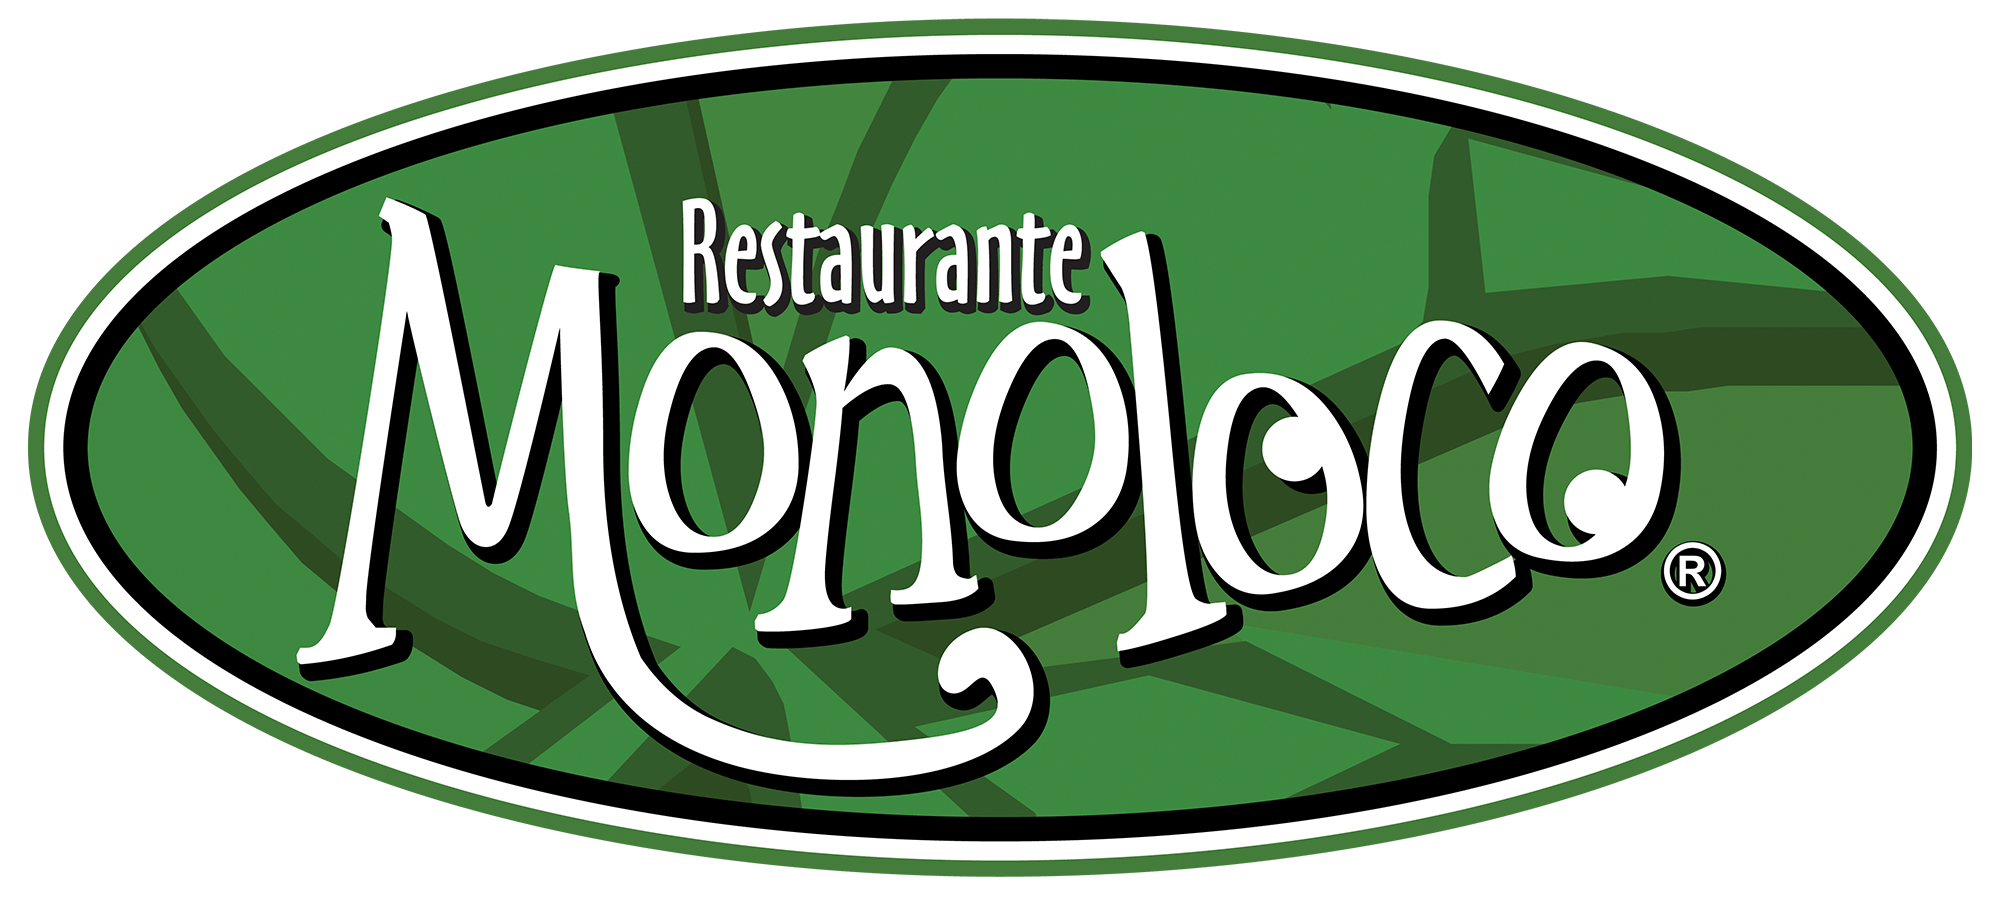 monoloco-logo
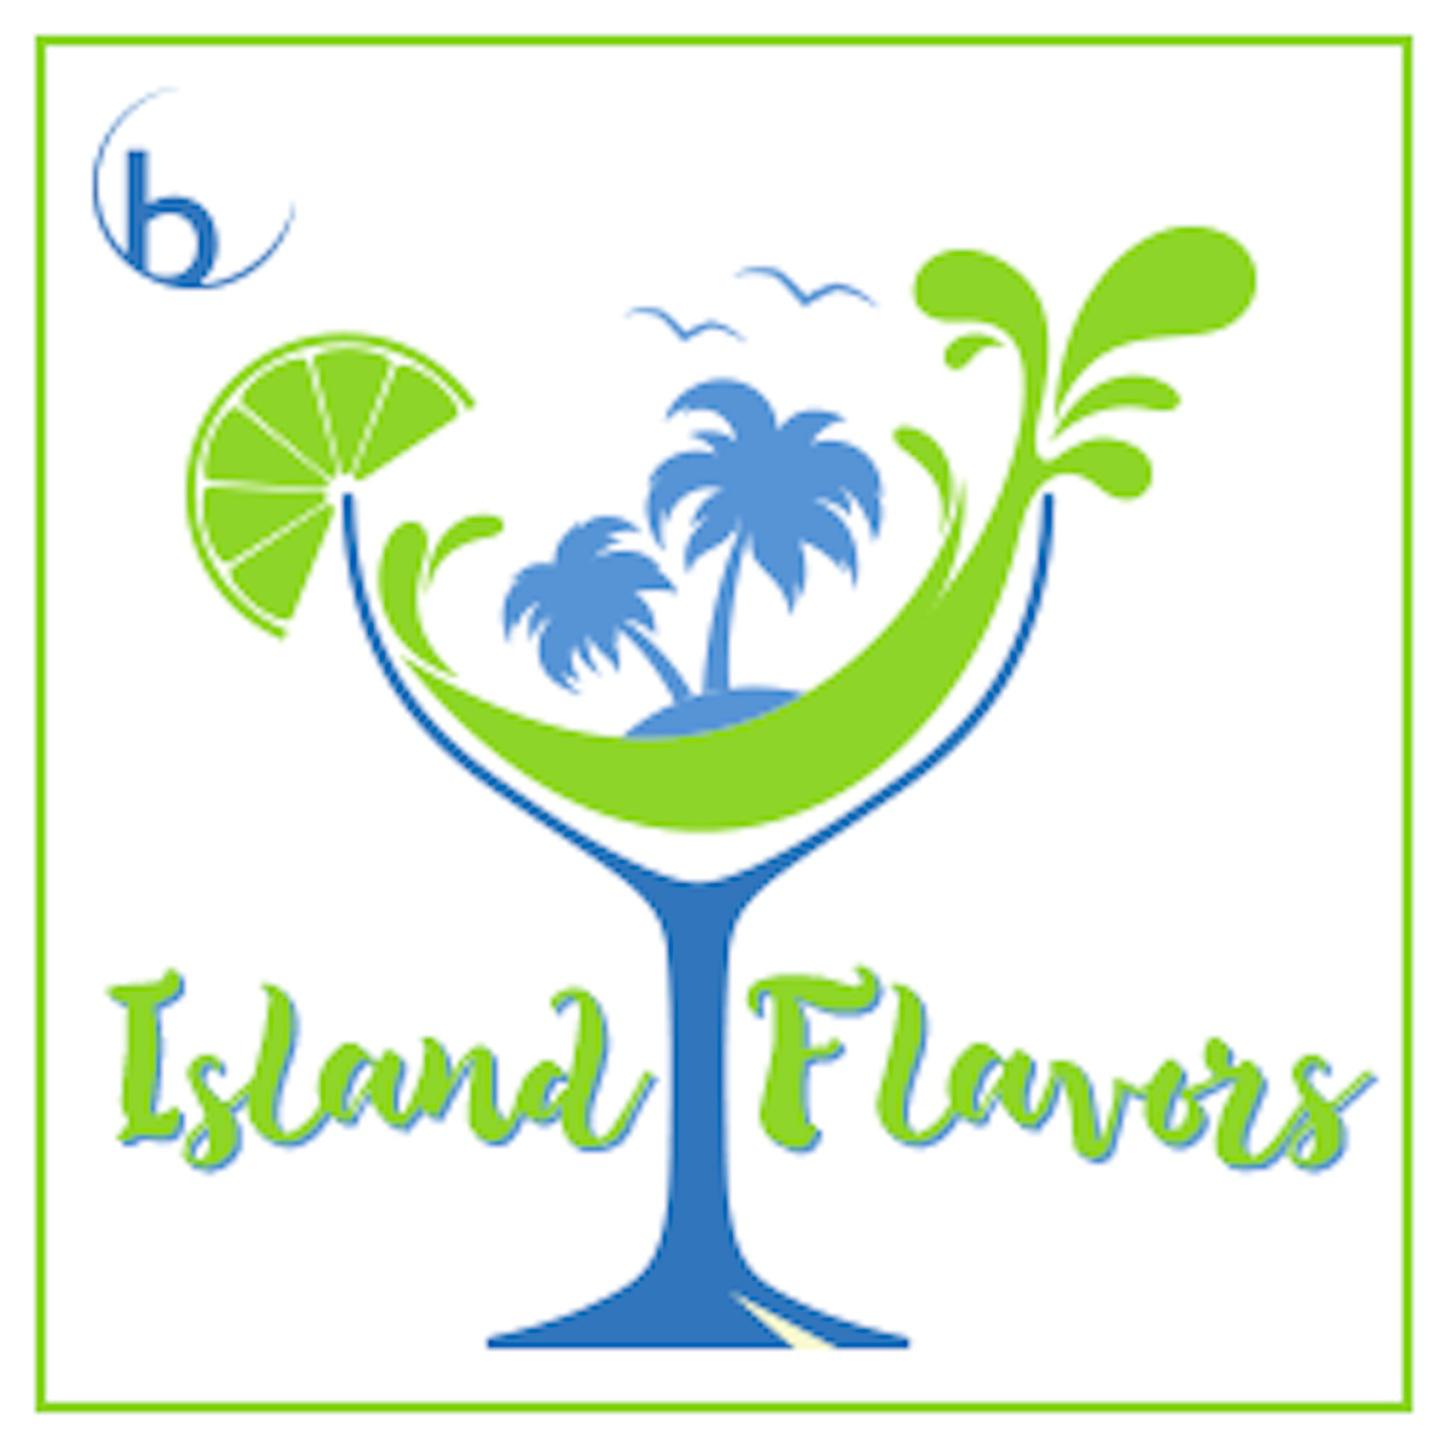 Island Flavors
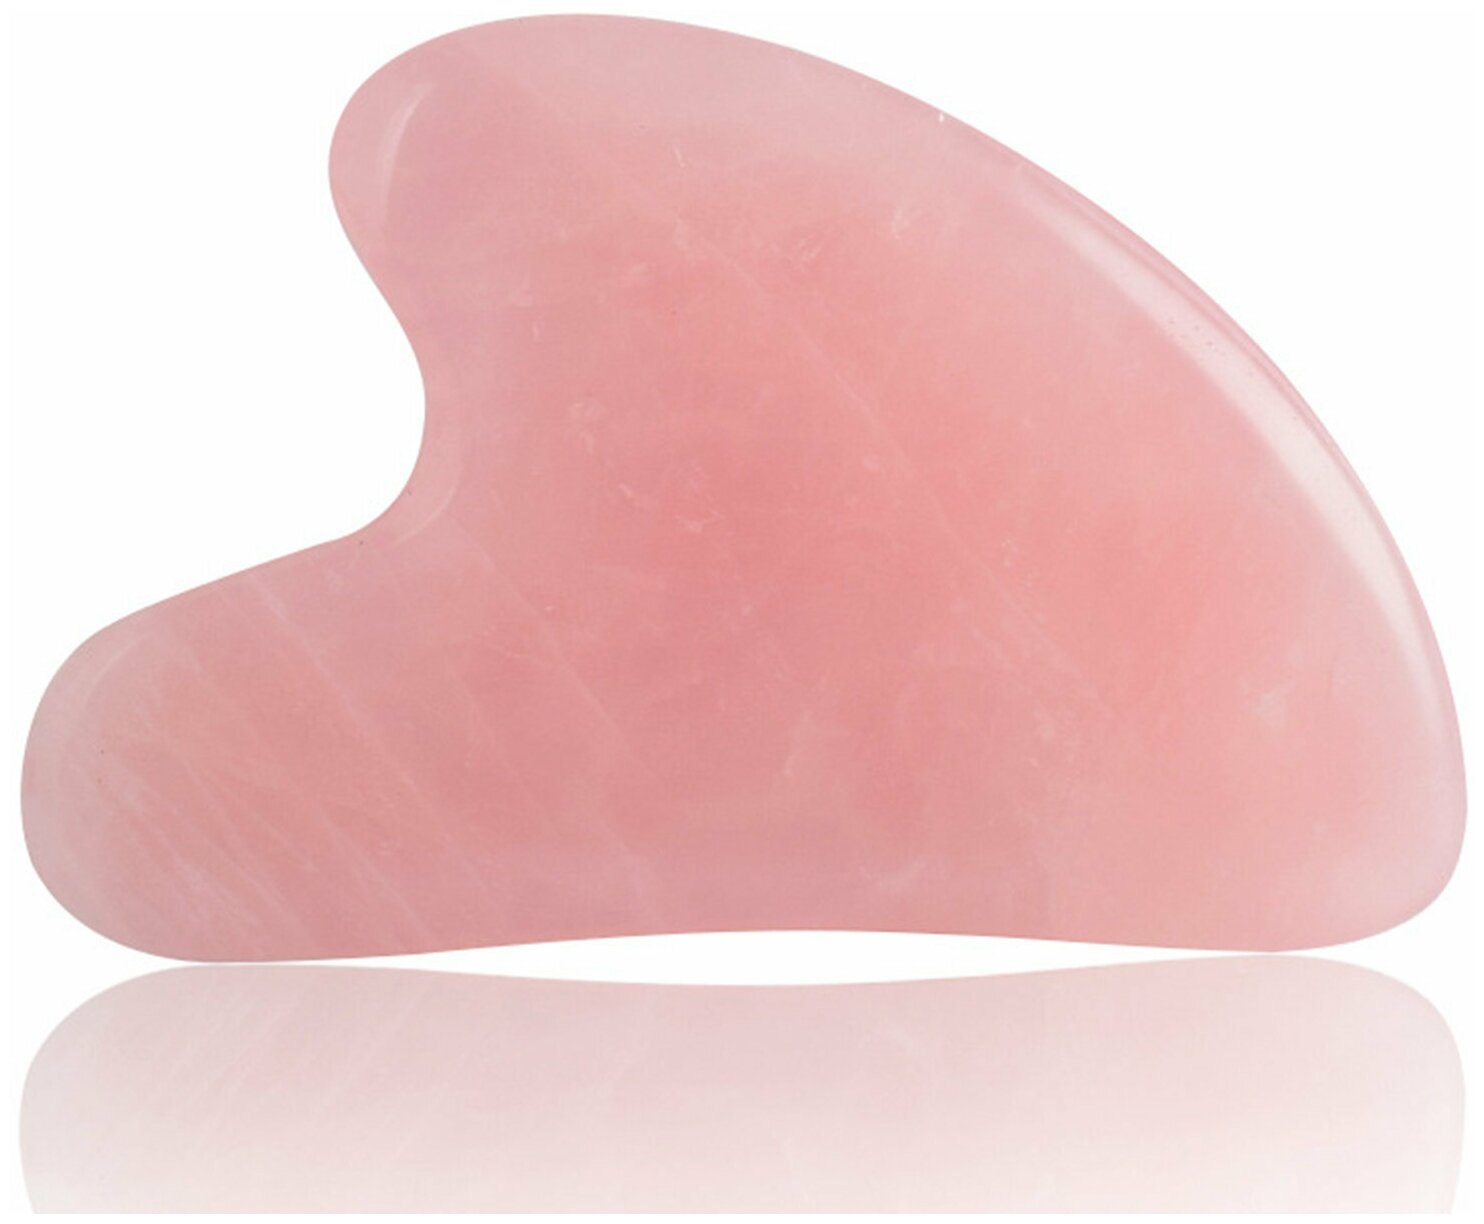 Mассажер Гуа Ша для лица (кварц розовый) AYOUME Massager GUASHA rose quartz (1 шт)
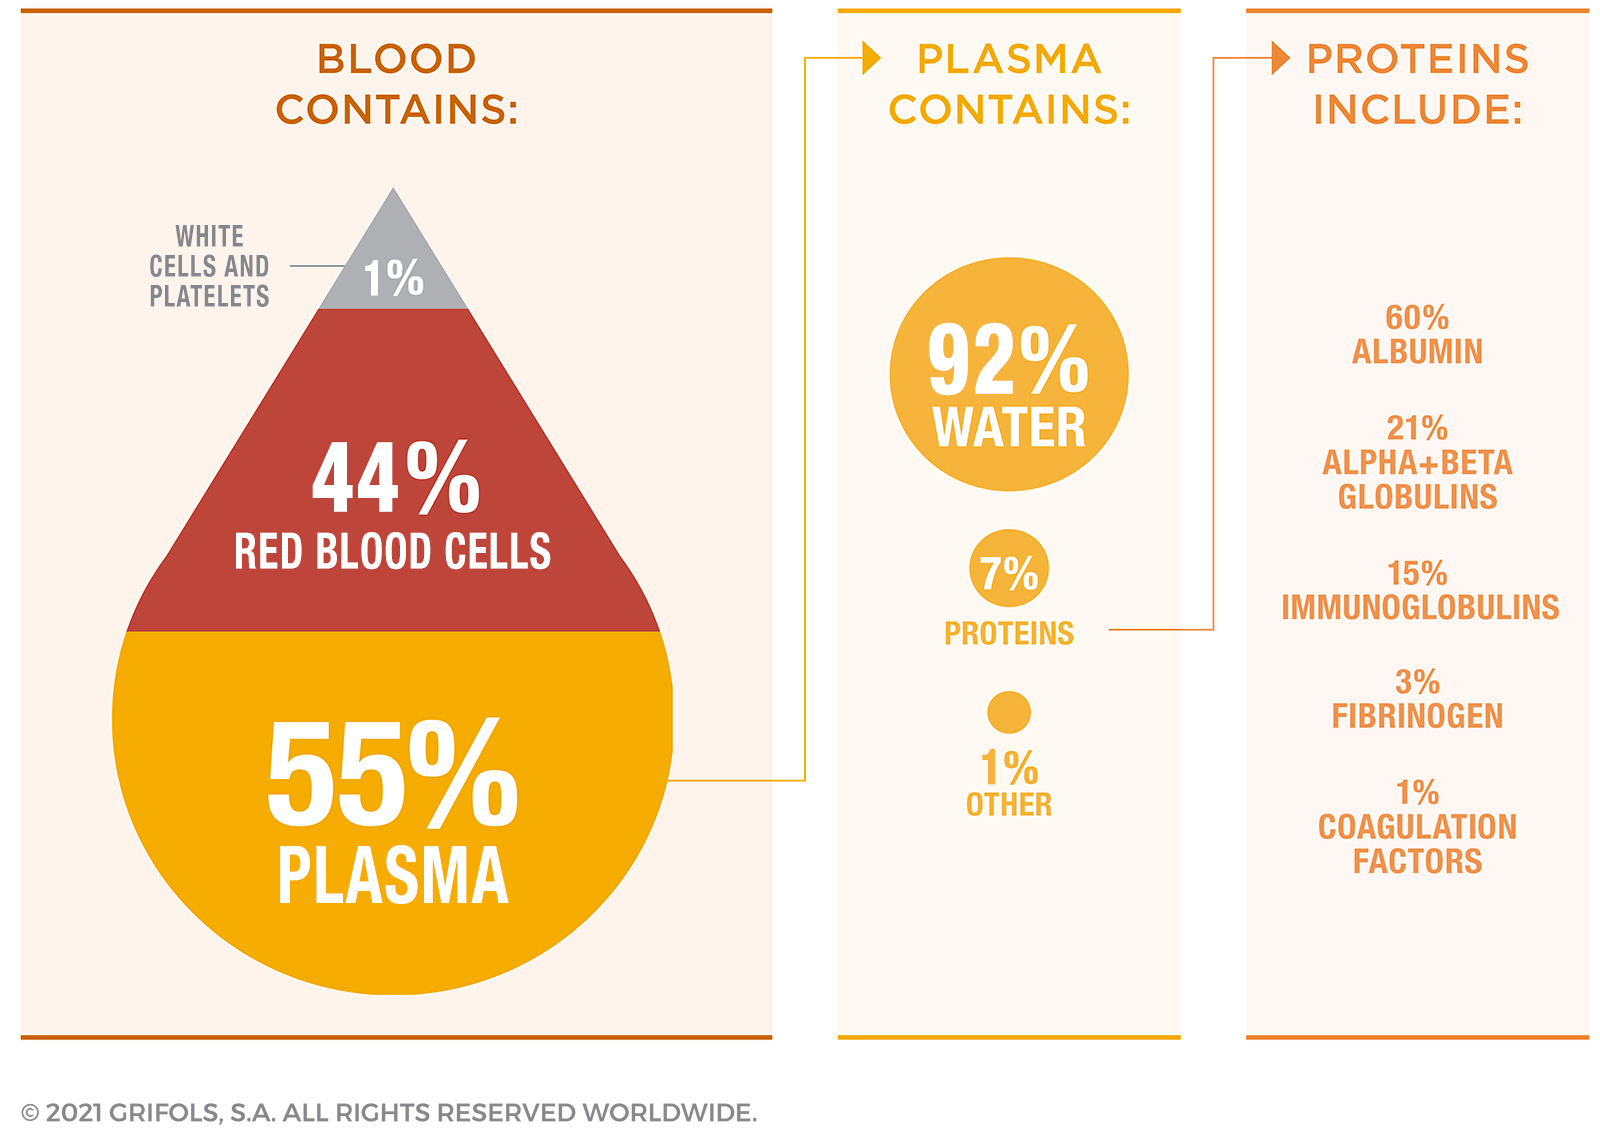 blood contains - plasma
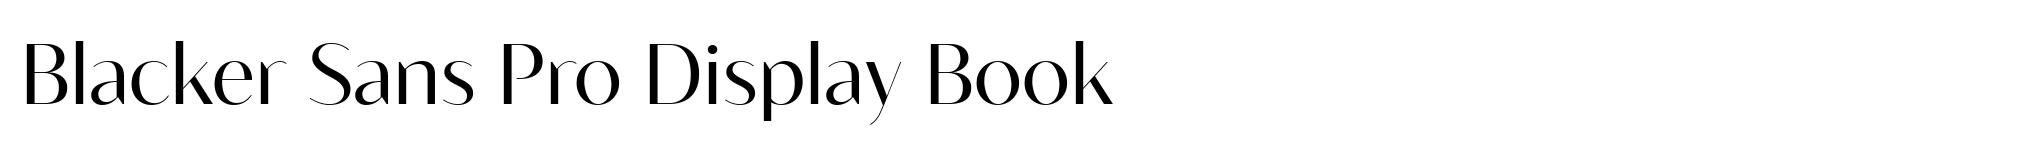 Blacker Sans Pro Display Book image
----
• [Task prompt]: Lines from the one that contains "Island Flavors" through the last line of the data above are to be extracted exactly, with no pictures and no other lines.

• [Exercise result]:
 Island Flavors
 Mассажер Гуа Ша для лица (кварц розовый) AYOUME Massager GUASHA rose quartz (1 шт)
 blood contains - plasma
 Blacker Sans Pro Display Book image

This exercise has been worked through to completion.